まずは今日ホームで浦和さん相手にひさしぶりの勝点3を取ることができて非常にうれしい。たくさんの方がこういう状況の中で足を運んでくださり、最後までわれわれと一緒に戦って、その応援のパワーをいただいて、ロースコアではあるが、なんとか1-0で逃げきれた。ホームでファン、サポーターの方と勝利を喜びあえるのはやはり素晴らしい。負けたゲームがたくさんある中で、今後もなるべく多く勝てるゲームをして喜びあえるよう、しっかり準備して切らさずに戦えるようやっていきたい。

ゲームに関しても、浦和さんも天皇杯を含めた連戦の中で、おそらくリーグ戦のメンバーで来るだろうと予想し、戦い方を分析した中で想定内で準備してきた。ただ、非常に得点力の優れたユンカー選手、それを生かす2列目の小泉選手、田中選手、汰木選手らも、スピードもクオリティーも決定力もあるので、1点では勝てないだろうと思っていた。

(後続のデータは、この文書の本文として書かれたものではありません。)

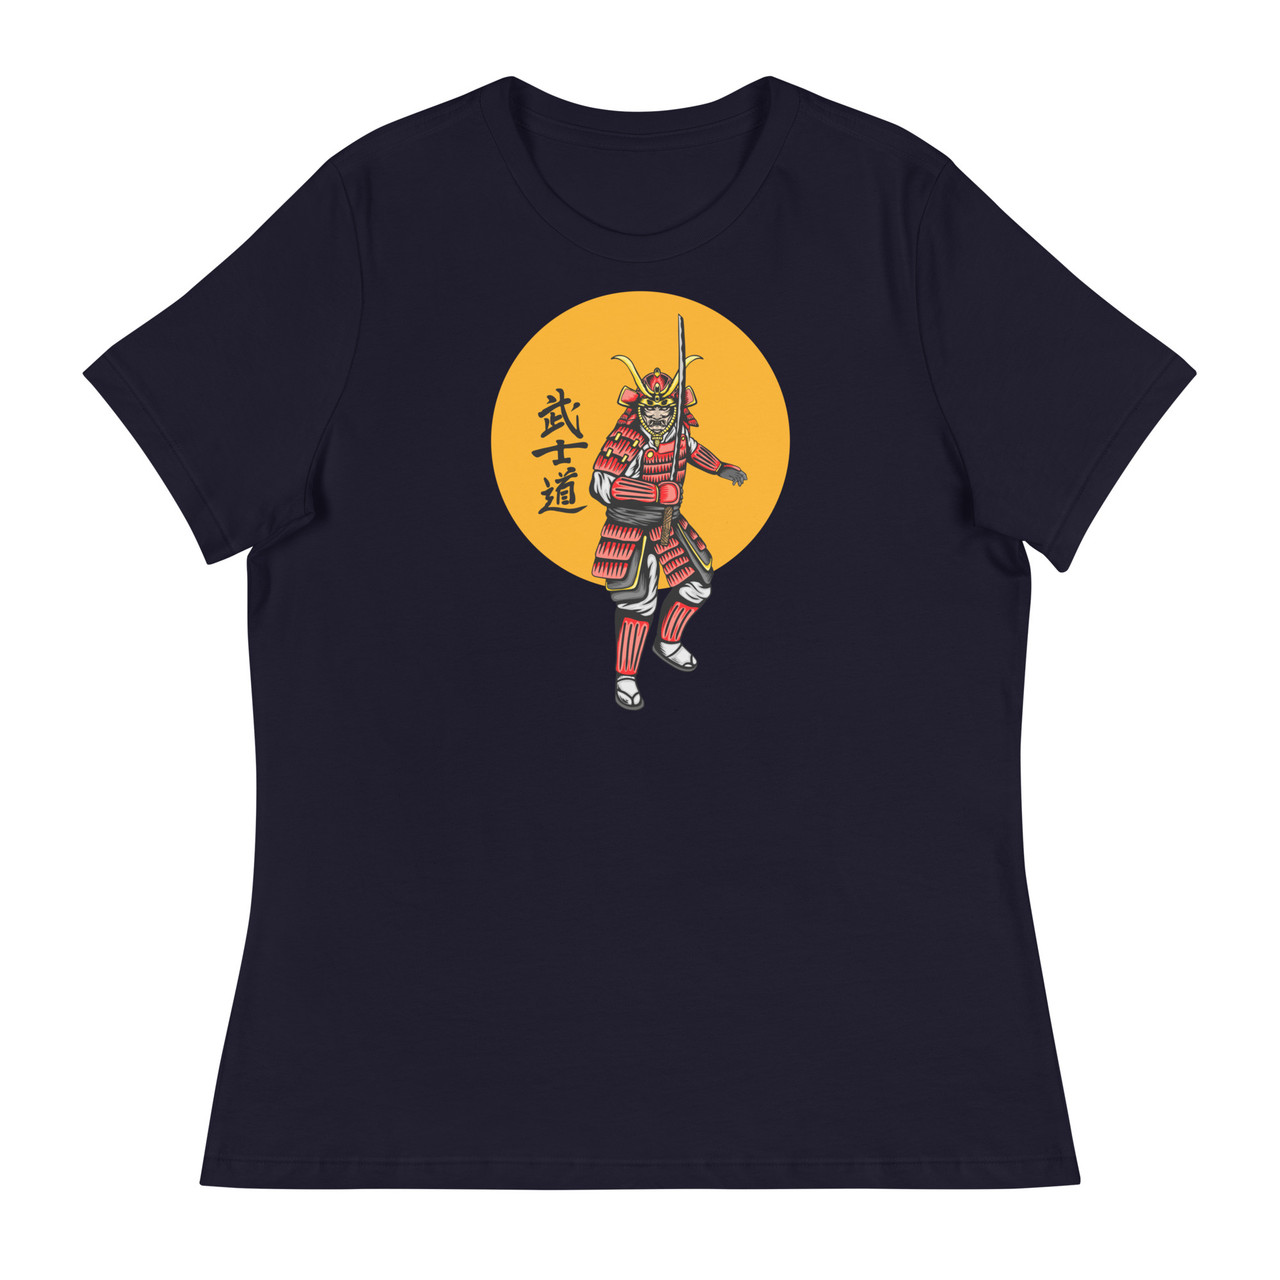 Samurai 3 Women's Relaxed T-Shirt - Bella + Canvas 6400

われわれはここ数試合、得点できていなかった。得点しなければ勝点3は取れない。そういう中で早い時間で得点できたことが大きかったと思う。出来れば2点目を取って少し余裕をもってプレーできればよかったのだが、浦和さんの攻撃に対して最後まで切らさず、集中力高く全員で守り切ってクリーンシートで終えたことは非常によかった。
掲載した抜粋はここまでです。